EXERCISE :: Return the listing in full and exactly, but without a single picture.

DATA EXCERPT ::
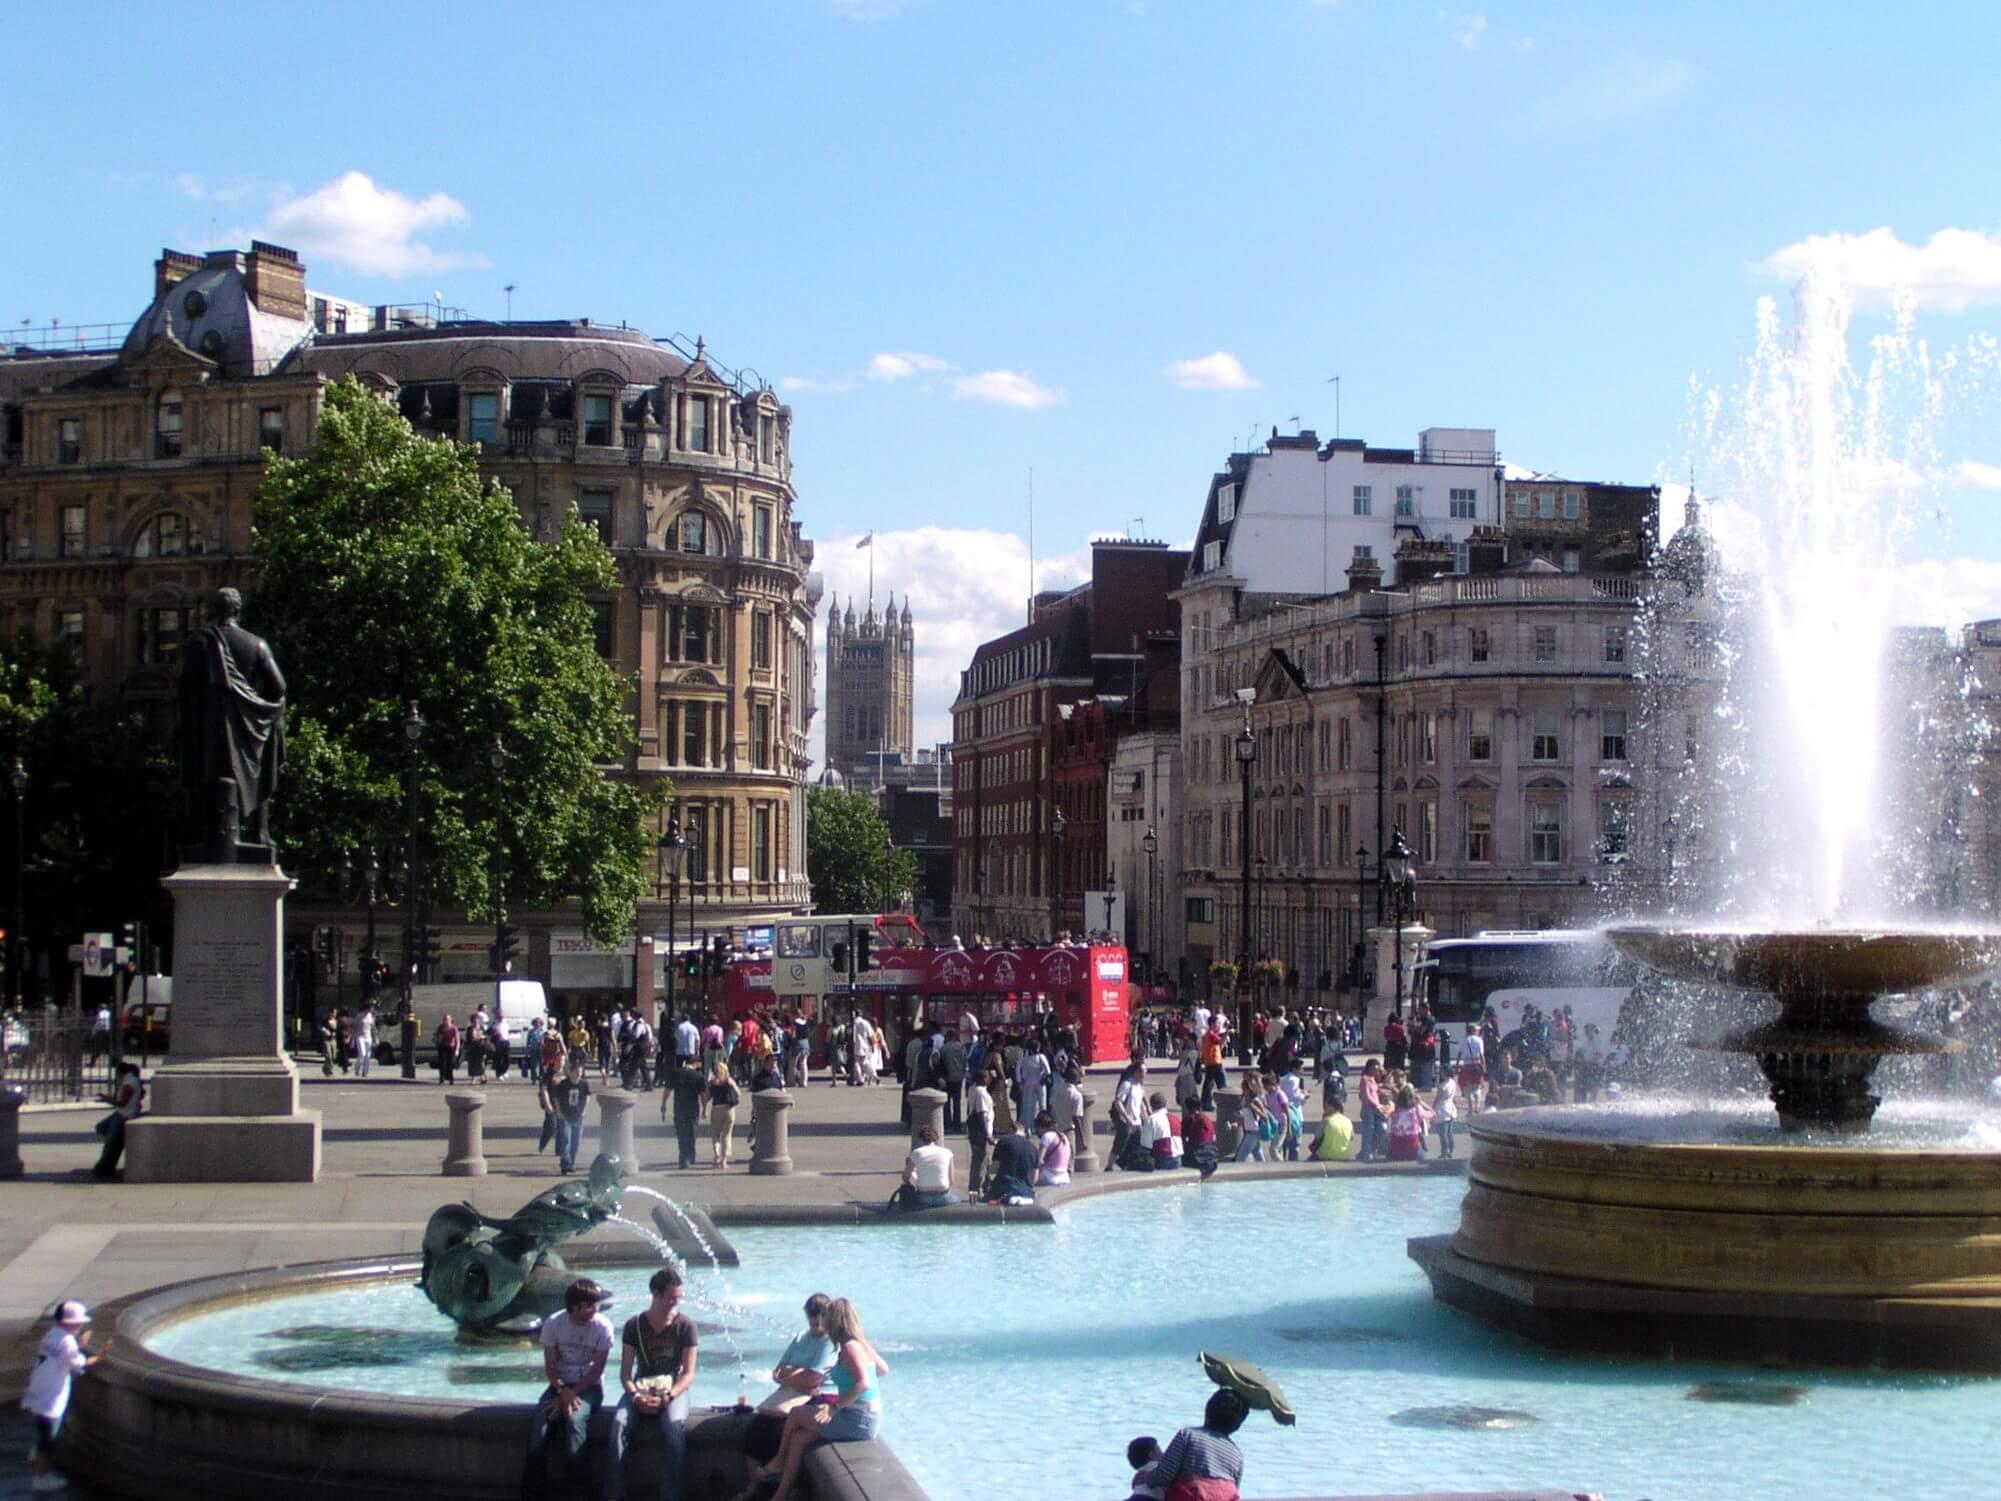 London (c) Lomoherz
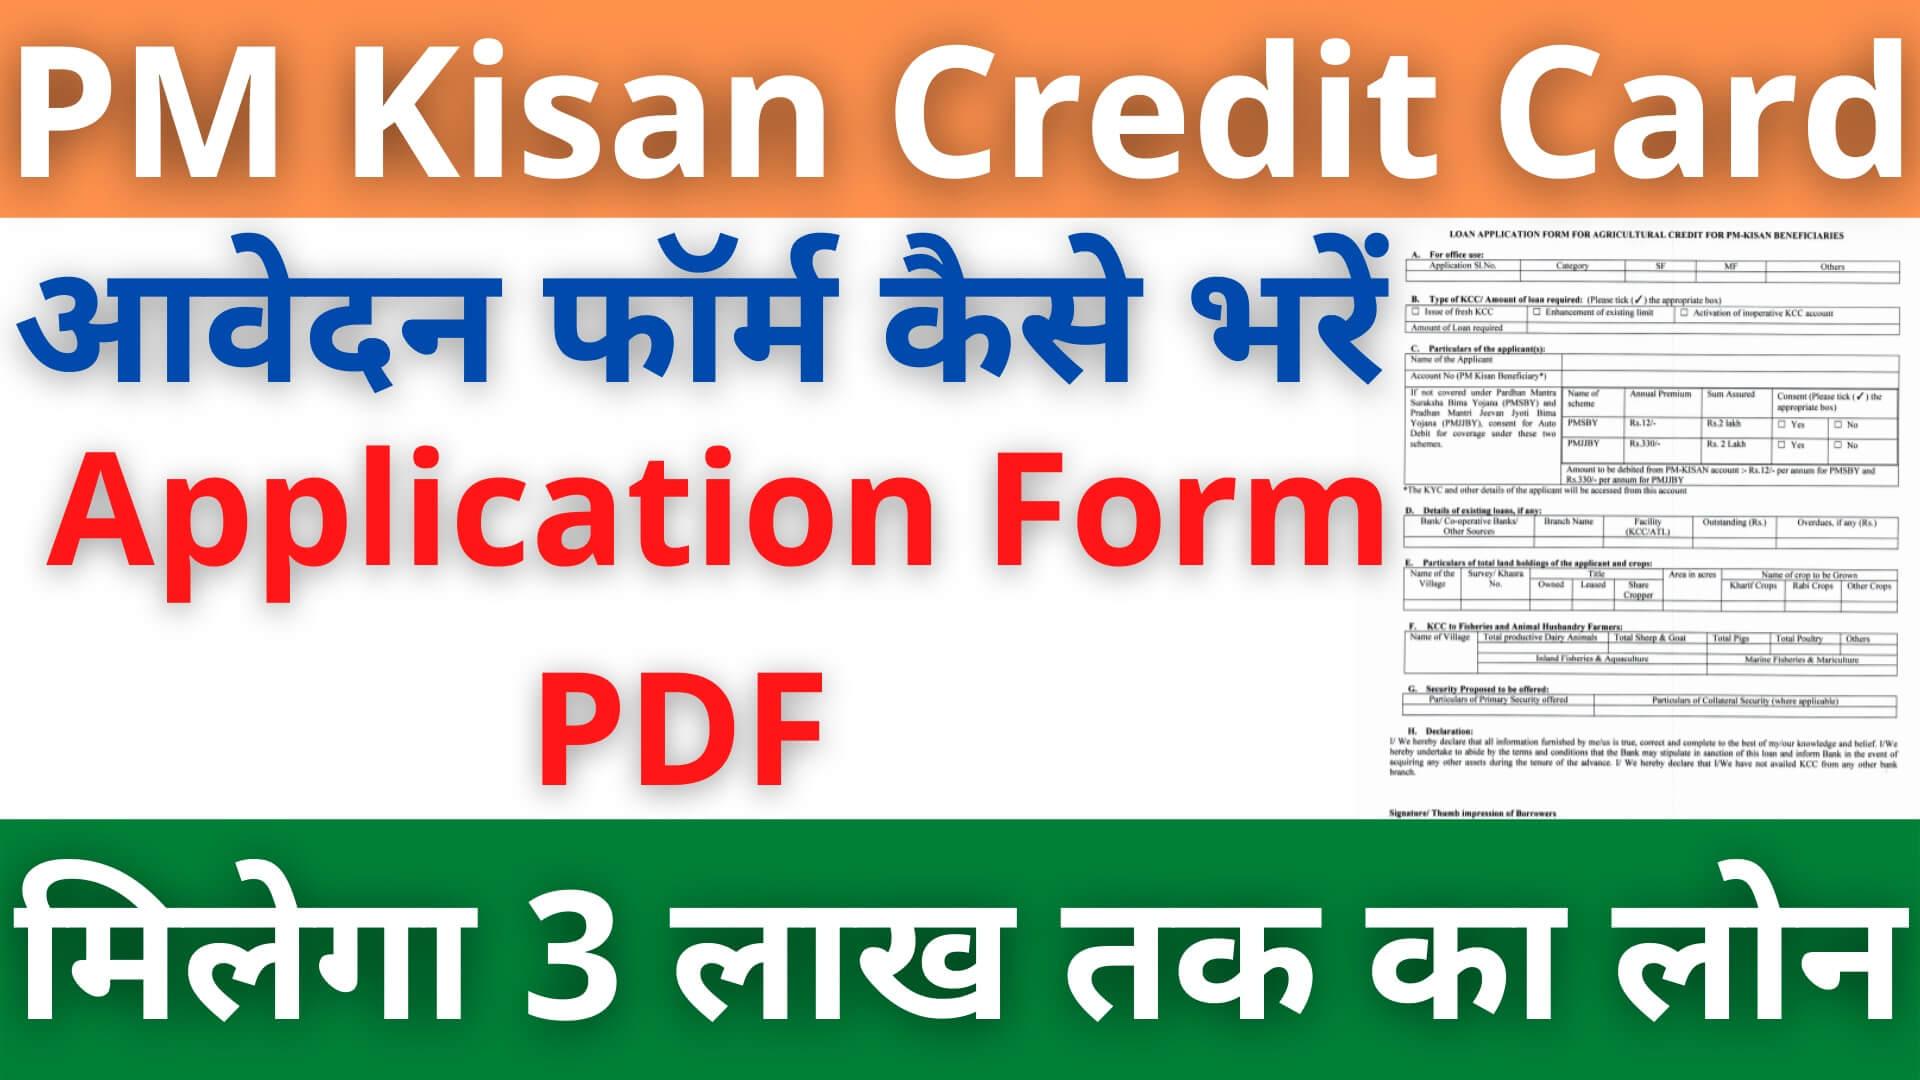 Kisan Credit Card Application Form PDF
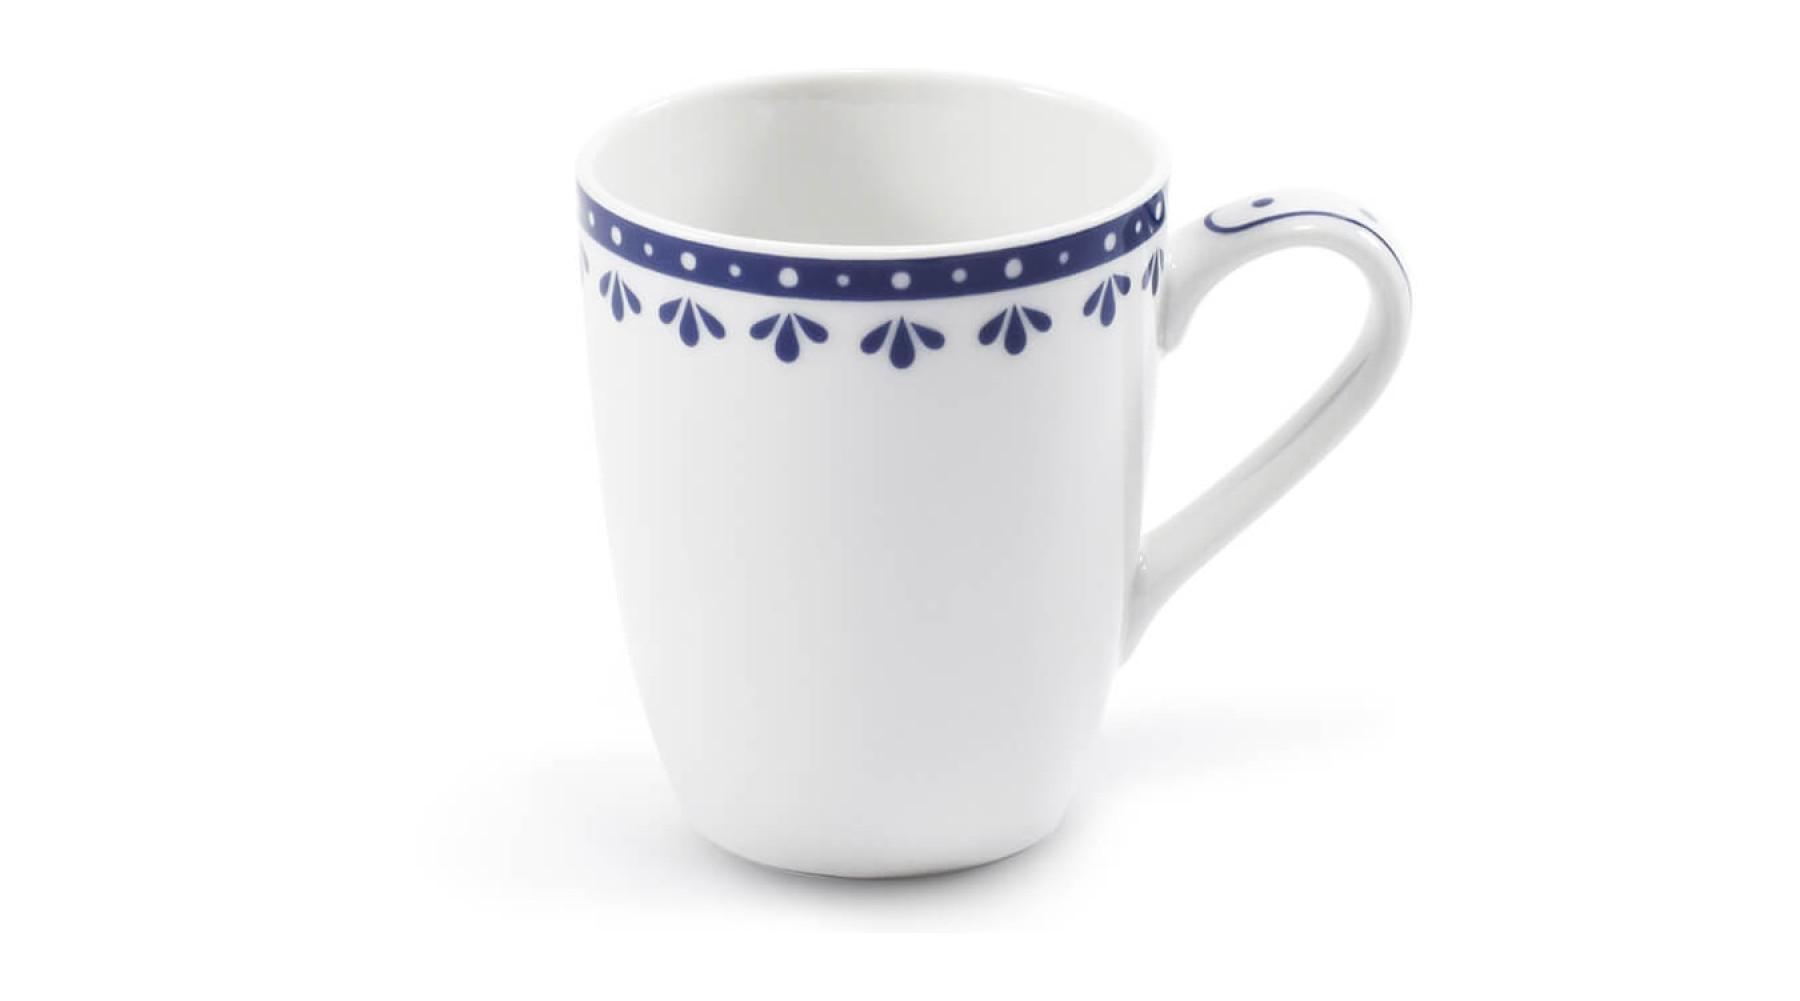 Šálek na espresso 0,09 l HyggeLine

WRITTEN SOLUTION ::
 London (c) Lomoherz
 Kisan Credit Card Application Form PDF
 Šálek na espresso 0,09 l HyggeLine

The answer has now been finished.